In this paper we integrate temporal and spatial attention to construct a network structure. We learn a set of sparse attention by computing class response maps. It selectively collects visual evidence of dynamic information areas based on image content and surrounding context. Based on these regions obtained by spatial attention we resampled two new videos. These new videos are fed into the network as completely new data, enhancing the generalization ability of our network structure. We then feed these two videos with the spatial attention together with the original video into a temporal attention network. So our network learns the most discriminative regions in these most useful frames, resulting in a more accurate result. And the network where we extract spatial attention is the same as the network that finally completes the classification task. So our extraction of discriminative regions in image frames is also getting accurate as well as the final classification accuracy. A positive cycle is formed to continuously improve the classification results.
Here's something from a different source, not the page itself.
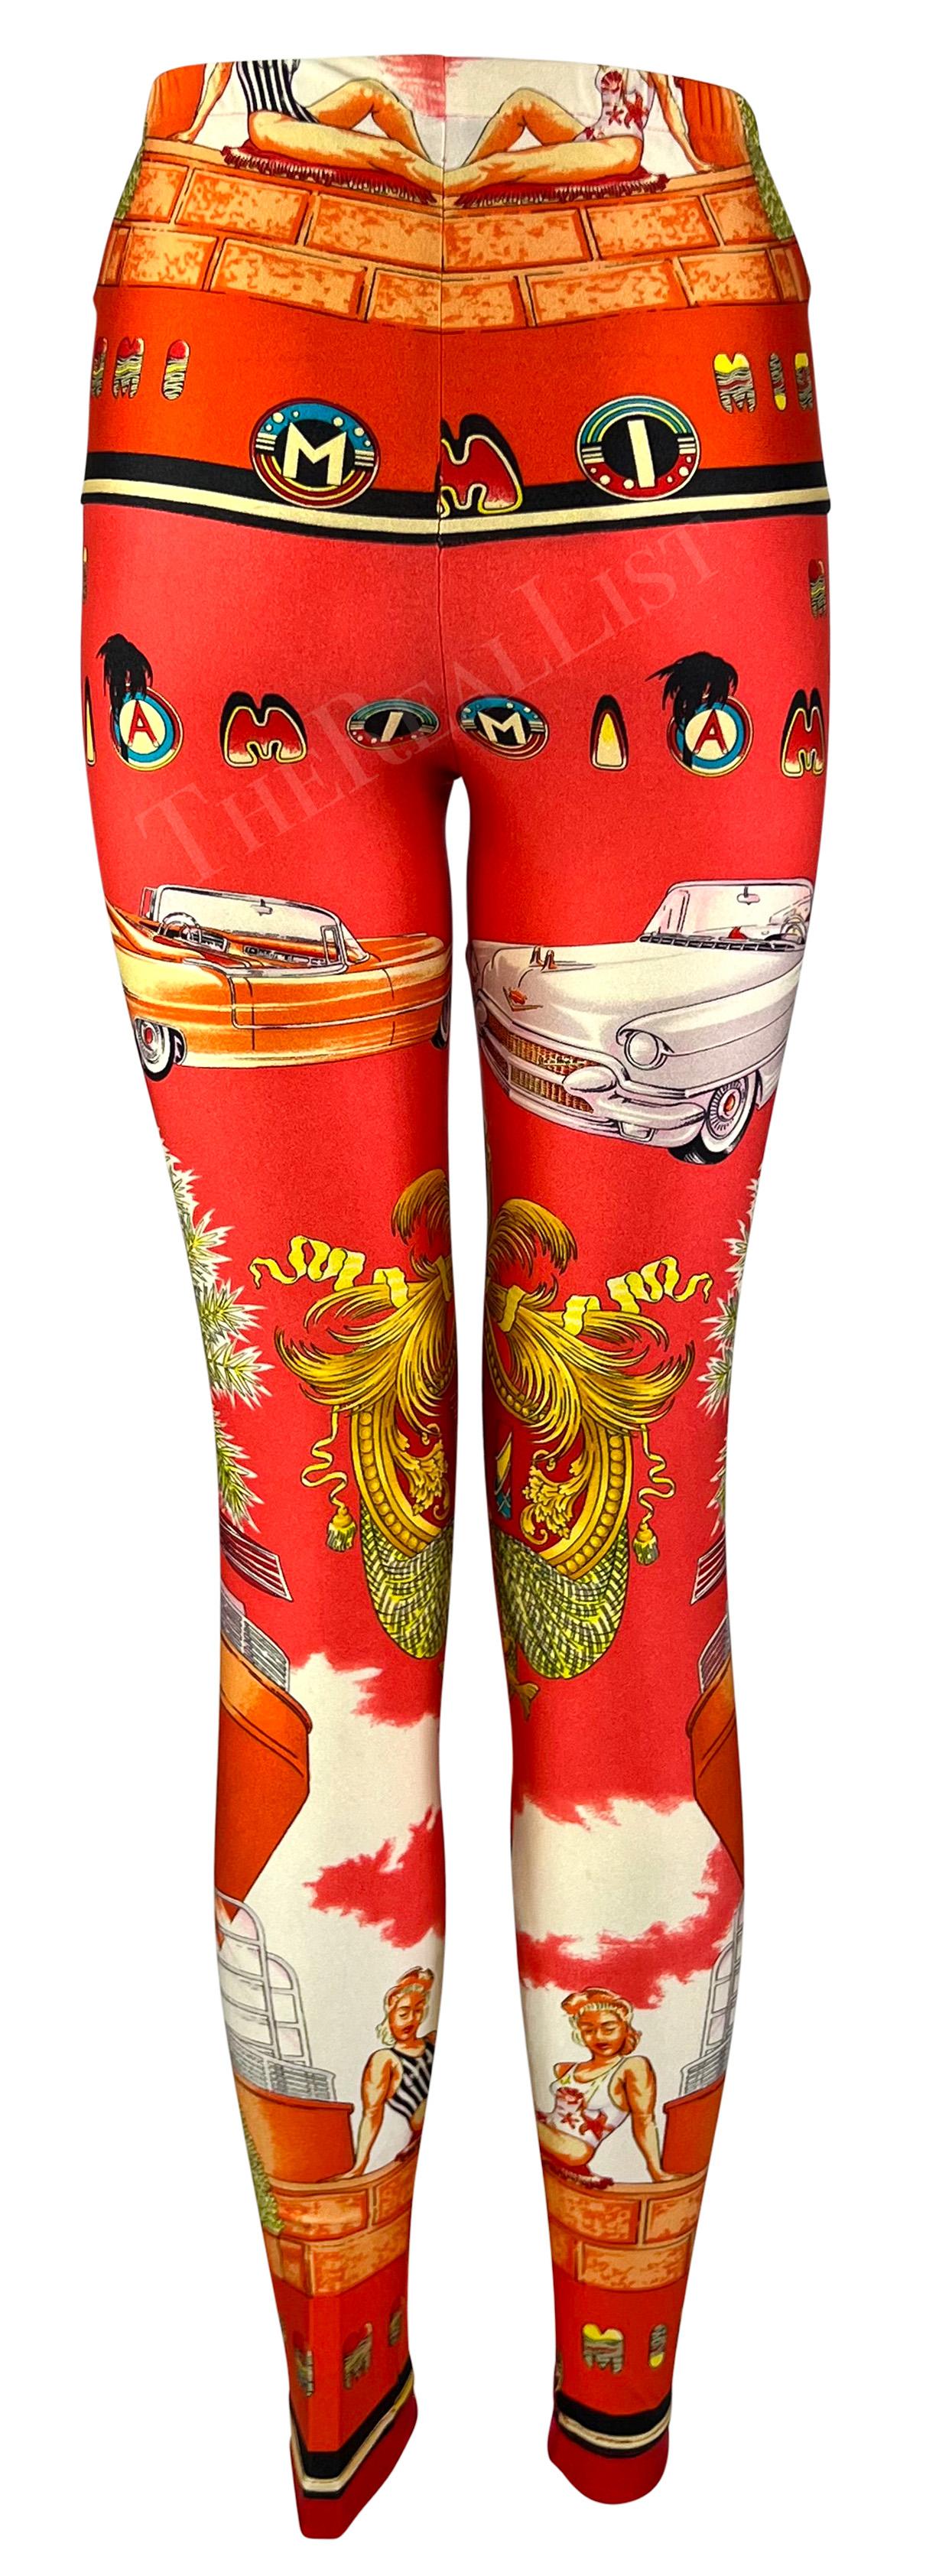 S/S 1993 Gianni Versace South Beach Miami Sunset Orange Red Florida Print Tights For Sale 2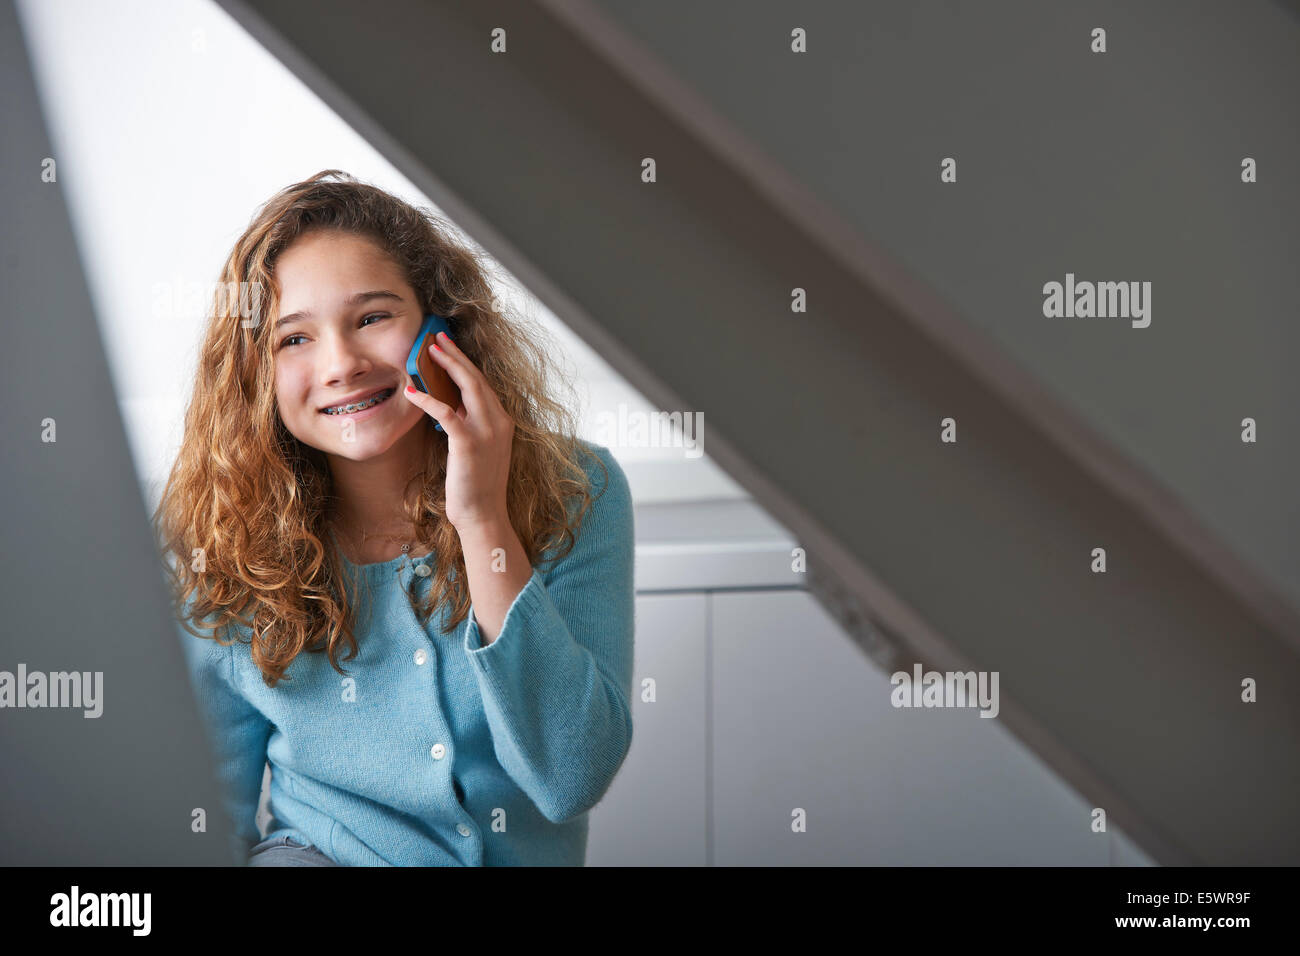 Young girl using mobile phone Stock Photo

Integrating attention in temporal and spatial is actually consistent with human vision. We also recognize the other person’s action by observing key object information in consecutive actions. Extensive experimental results on some benchmark datasets illustrate the promising performance of the proposed scheme.

Data Availability

The datasets used to support the findings of this study are included within the article.

Conflicts of Interest

The authors declare that they have no conflicts of interest.